P438 Maladaptive decision-making is associated with psychological morbidity in people with Inflammatory Bowel Disease.
Grinsted Tate, L.(1);Johnson, L.(1);Jones, G.(2);Lobo, A.(3);
(1)University of Sheffield, Medical School, Sheffield, United Kingdom;(2)School of Social Sciences- Leeds Beckett University, Department of Psychology, Leeds, United Kingdom;(3)University of Sheffield and Sheffield Teaching Hospitals NHS Foundation Trust, Academic Department of Gastroenterology, Sheffield, United Kingdom
Background
Inflammatory Bowel Disease (IBD) is a chronic relapsing-remitting inflammatory condition. Due to its long-term, multifaceted nature, patients will need to make many complex decisions during their treatment.
The Melbourne Decision Making Questionnaire (MDMQ) assesses the use of four decision-making styles. Vigilance is the only style considered adaptive, with a thorough, analytical approach. Buck-passing (avoiding responsibility), procrastination and hypervigilance (a hurried, anxious approach) are considered maladaptive.
This study aimed to assess the impact of psychological morbidity, health-related quality of life (HRQoL) and demographic/disease factors on decision-making in IBD.
Methods
People over the age of 16 with IBD completed the MDMQ. Psychological morbidity was assessed by the DASS-21 questionnaire, and HRQoL by the EQ-5D-3L/EQ-5D-Y. Demographic data included age, gender, ethnicity, Index of Multiple Deprivation quintile, educational level and employment status. Diagnosis, disease duration and age at diagnosis were also recorded.
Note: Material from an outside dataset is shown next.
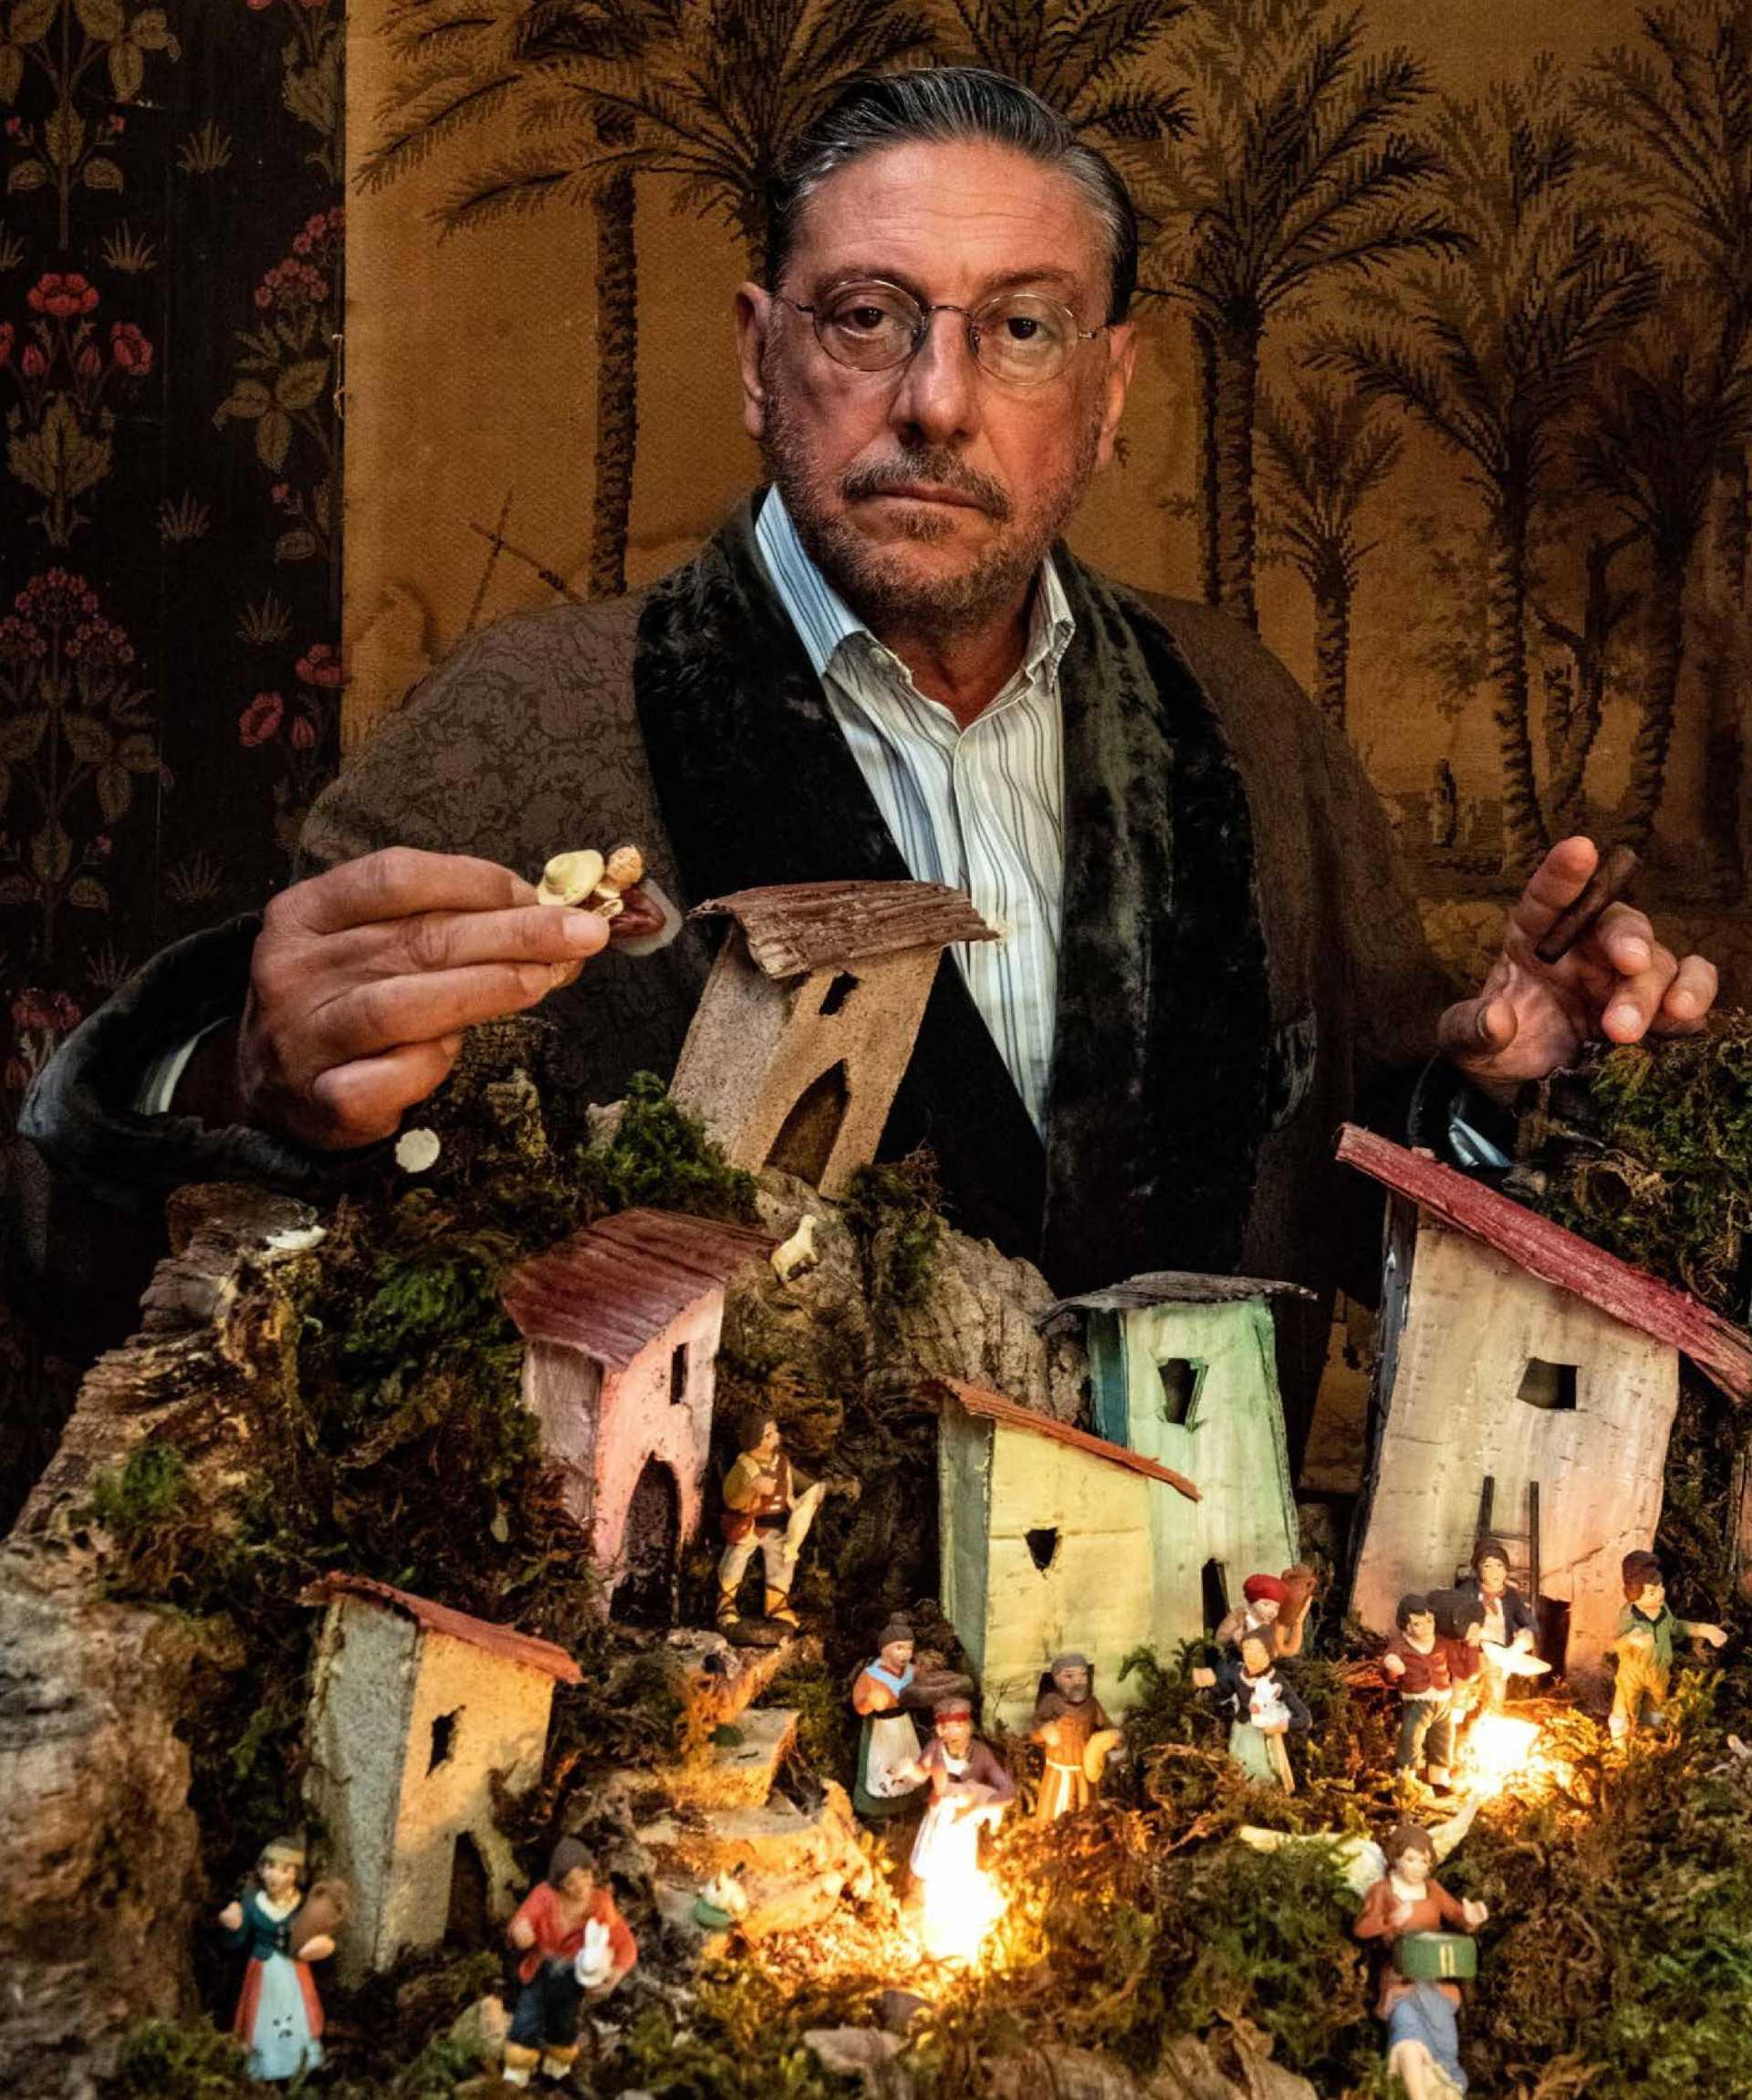 """""""Natale in casa Cupiello"""" diventa film su Rai Uno e conquista tra 5.6 milioni di telespettatori per uno share al 23.9%."""

Exploratory analysis of all variables against scores for each of the four decision-making styles was conducted. Significant results were used to perform multivariate analysis. All statistical analysis was performed using IBM SPSS Statistics software (v26).
Results
172 patients were studied (94 CD, 75 UC, 3 IBD-U, 68 (39.5%) male), median age 46.5 (16-83). Median MDMQ scores for vigilance, buck-passing, procrastination and hypervigilance were 10/12, 3/12, 2/10 and 3/10 respectively.
Multivariate analysis showed strong positive associations between psychological morbidity scores and all three maladaptive decision-making styles: buck-passing (F(1, 95)=12.512, p=0.001), procrastination (F(1, 115)=35.009, p<0.001) and hypervigilance (F(1, 114)=34.342, p<0.001). Age and duration of disease were not associated with decision making style.
Current employment and higher HRQoL scores were significantly associated with greater degrees of buck-passing (F(3,95)=5.100, p=0.003; and F(1, 95)=6.351, p=0.013 respectively). A diagnosis of CD was associated with lower vigilance score (F(2, 133)=3.224, p=0.043).
Conclusion
People with IBD are likely to have an adaptive decision-making style, demonstrated by a high median vigilance score. However, psychological morbidity is associated with maladaptive decision-making – an important consideration for clinicians and in shared decision making. Further studies are required to determine whether interventions for psychological morbidity can improve maladaptive decision-making.